What You Should Know About Politics . . . But Don’t, Fourth Edition | Jessamyn Conrad

Summary of: What You Should Know About Politics . . . But Don’t, Fourth Edition: A Nonpartisan Guide to the Issues That Matter
By: Jessamyn Conrad

Introduction

Dive into the world of politics and gain a clear understanding of the major issues that have shaped the United States over the past few decades. This summary of ‘What You Should Know About Politics . . . But Don’t’ examines the intricacies of the American economy, the role of the United States in international affairs, the constant struggle for healthcare reform, the ongoing debate on climate change, and the ever-evolving cultural and social issues. As you explore this nonpartisan guide, you can expect to unravel the core of political and economic debates, discover the key players, and grasp the overarching themes that have influenced policy decisions.

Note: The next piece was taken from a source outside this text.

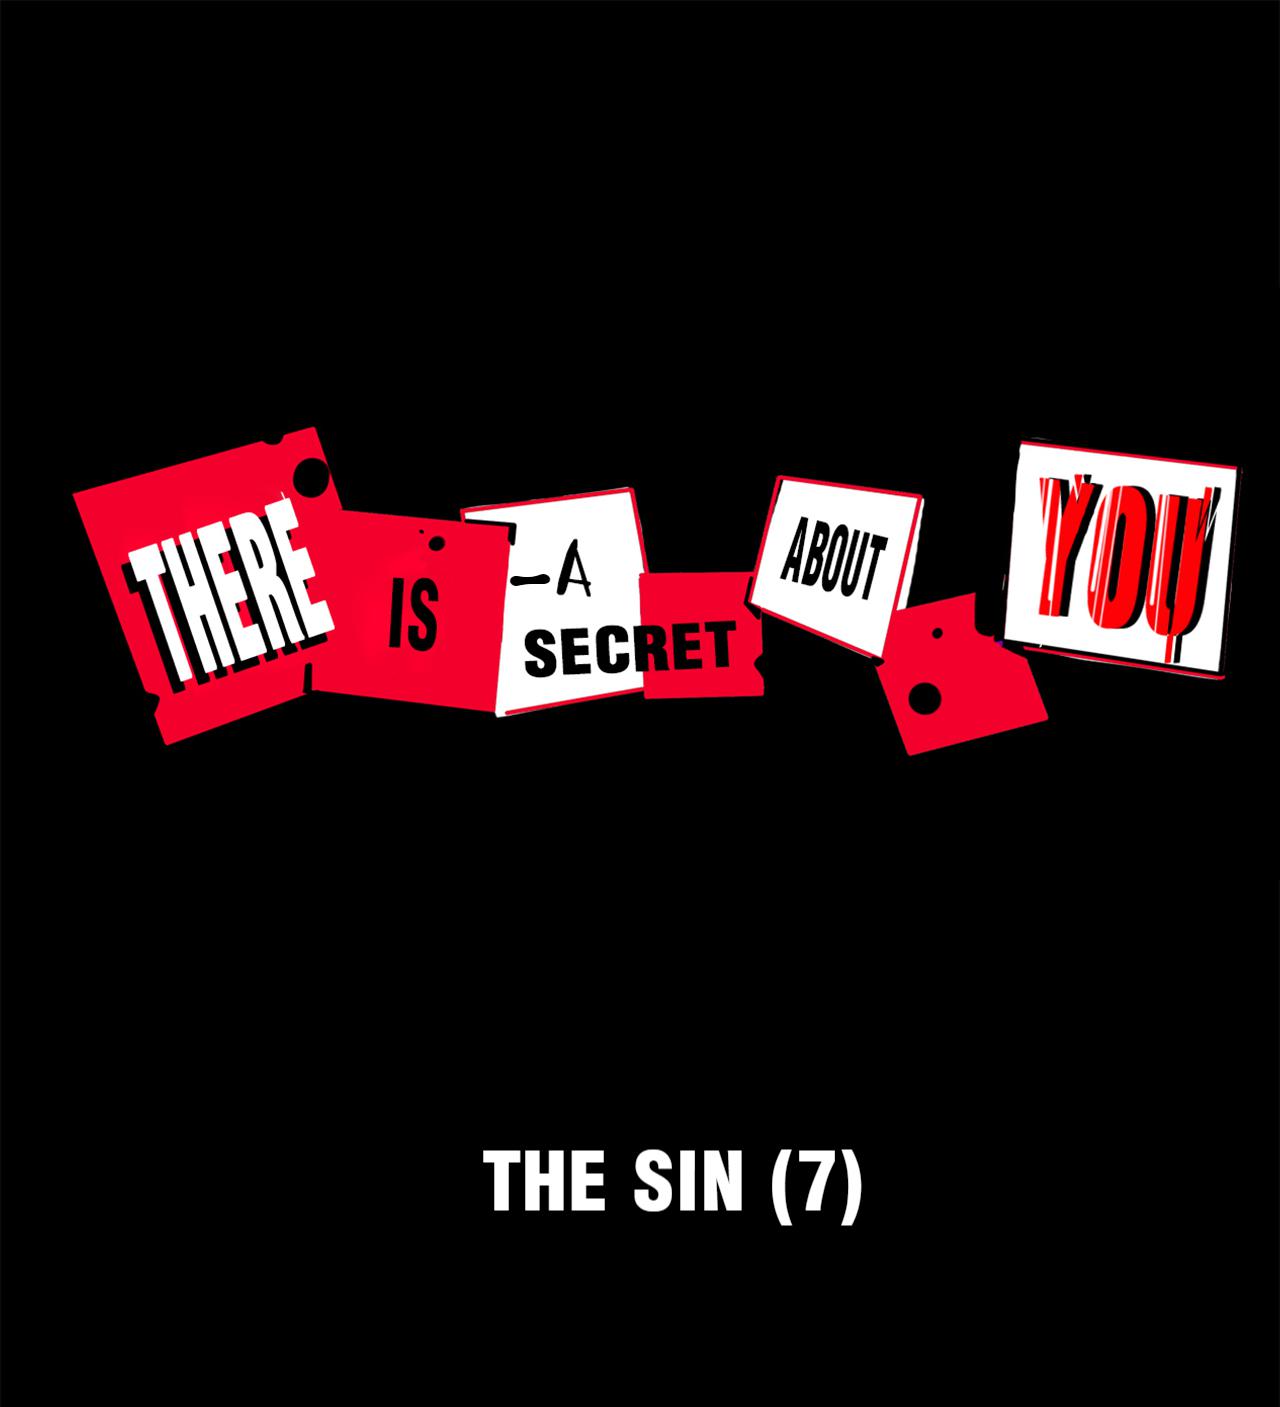 There Is a Secret About You 65

Striking the Economic Balance

The federal government aims to maintain “just right” economic growth without overheating the machinery. The housing bubble of 2008 led to the scrutiny of Fannie Mae and Freddie Mac while sparking the Occupy Wall Street movement, criticizing the power and influence held by Wall Street and DC elites. There are disagreements over tax policies between Republicans and Democrats with the latter asserting the necessity of taxes to fund social programs, safety nets, and public infrastructure. The fundamental mistake lies in the opposite views on the role of government – the liberals prefer state intervention while the conservatives view it as the enemy of societal progress.

America’s Foreign Policy in Recent Decades

The United States established its neutral party status in 1823 while warning European powers to halt further Western Hemisphere colonization. In 1898, they became a colonial power after the Spanish-American War. During World War I, President Woodrow Wilson adopted an isolationist position, but later, the United States became a global war participant. The Cold War led to American intervention in Vietnam. Recent foreign entanglements occurred in the Middle East with President George H.W. Bush’s Gulf War, which left Saddam Hussein in power, fearing a subsequent civil war if he were removed. After the 9/11 attacks, President George W. Bush ousted Hussein, despite lacking United Nations approval. The media and Congress supported his claim that Iraq had weapons of mass destruction, but the outcome was not as anticipated, and Iraq plunged into chaos.

The Pitfalls of US Healthcare

While the US boasts of the best healthcare in the world, over 40 million citizens lack insurance coverage, and medical bills push many Americans into bankruptcy. The government only provides care to those aged 65 and over and the poor. Democrats believe in universal access, but Republicans oppose more government involvement. Factors driving up medical costs include high drug prices and competition between hospitals for the newest treatments.

The American healthcare system is renowned for its high standards of care, but for many citizens, it is financially out of reach. The United States is the only industrialized country without universal healthcare coverage. Over 40 million Americans lack insurance coverage, which makes medical bills a leading cause of personal bankruptcy. Most people gain health insurance through employers, who provide health management organizations or preferred provider organizations. The government provides care through Medicare and Medicaid, but only for specific groups.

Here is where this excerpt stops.